Javier Sanchez

Updated Thursday, February 29, 2024-23:43

  • Sanction Mo Katir, banned for two years for skipping three anti-doping controls, will not go to the Paris Games

  • Triple jump Ana Peleteiro's quick return after her pregnancy: "I'm stunned, I'm really into it now"

  • 1,500 meters The monastic life of Mario García Romo in the United States: "I have only gone to a bar one day"

Let's say that Glasgow is a party, that everything goes well for Spain.

This Friday (10:30 p.m., Teledeporte),

María Vicente

celebrates her first 'big' medal in the pentathlon;

On Sunday morning (11:15 a.m.),

Ana Peleteiro

is Ana Peleteiro again in the triple jump;

and on Sunday afternoon,

Mariano García

in the 800 meters (22.10) and

Mario García Romo

in the 1,500 meters (22.30) exceeded expectations.

Four medals: it would be the best indoor World Cup in the last 20 years for the team.

The celebration would bring hope before the 2024 Paris Olympics, but it would equally be impossible to avoid doubts.

What if all that glitters is not gold?
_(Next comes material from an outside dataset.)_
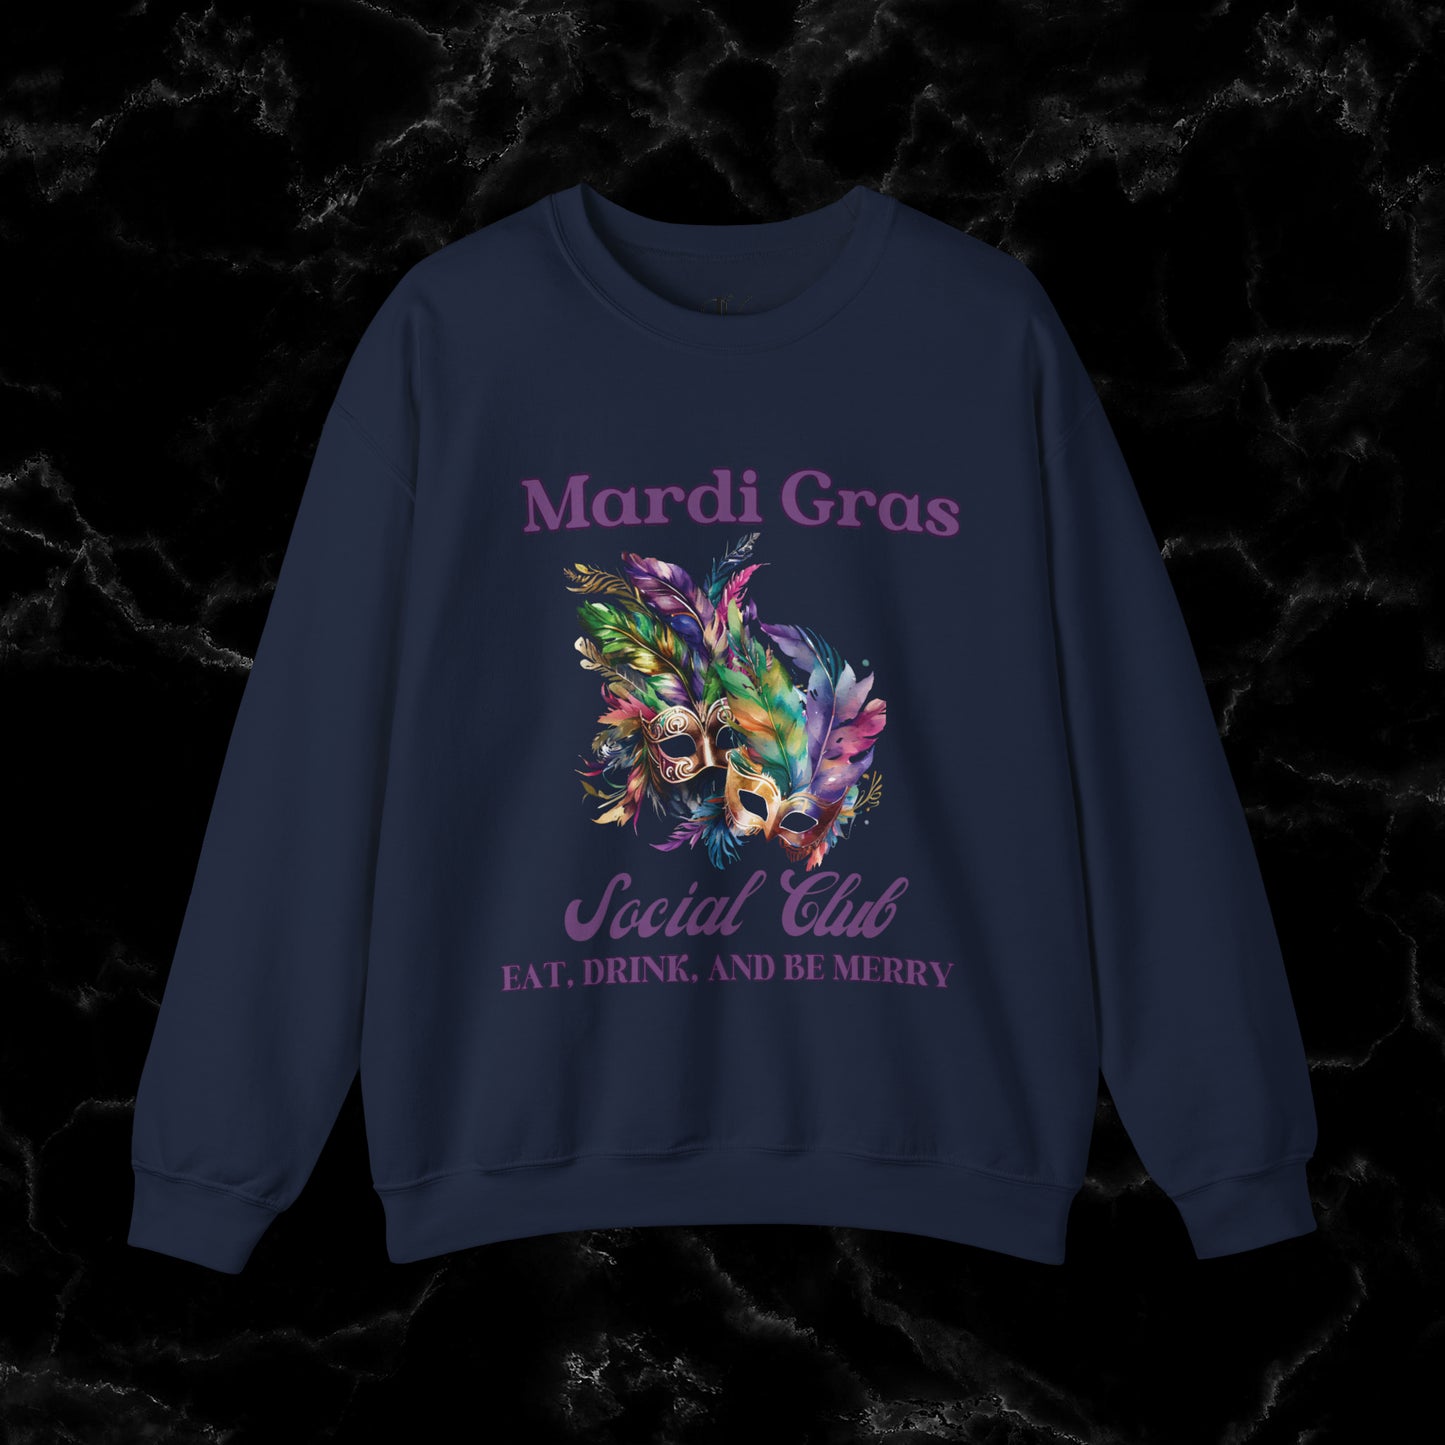 Mardi Gras Sweatshirt Women - NOLA Luxury Bachelorette Sweater, Unique Fat Tuesday Shirt, Louisiana Girls Trip Sweater, Mardi Gras Social Club Chic Sweatshirt S Navy

They will ask themselves in other countries.

The Spanish anti-doping system is experiencing its worst moment since Operation Puerto and those who suffer the most are those who wear the red.

The current credibility problems of the Spanish Anti-Doping Agency (CELAD) stain its reputation, raise concerns about its cleanliness at an international level and dirty the atmosphere within the team.

«It makes a lot of anger.

Whoever wins a medal in Glasgow will have to endure the shadow of suspicion for something that will be completely foreign to them.
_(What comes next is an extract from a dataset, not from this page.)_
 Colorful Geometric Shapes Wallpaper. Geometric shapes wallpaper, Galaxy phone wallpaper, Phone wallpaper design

We need it to be resolved quickly," explains to EL MUNDO walker

Álvaro Martín

, current double world champion, who will not be in Glasgow - there is no indoor walking - but who from a distance continues to be the leader of the team.

The Agency's failures

Two weeks ago, a statement written by him demanding "necessary and urgent measures" was signed by 77 other athletes and last week he met with

José Manuel Rodríguez Uribes

, president of the Higher Sports Council (CSD), and

Silvia Calzón

, new director of CELAD, to demand "progress."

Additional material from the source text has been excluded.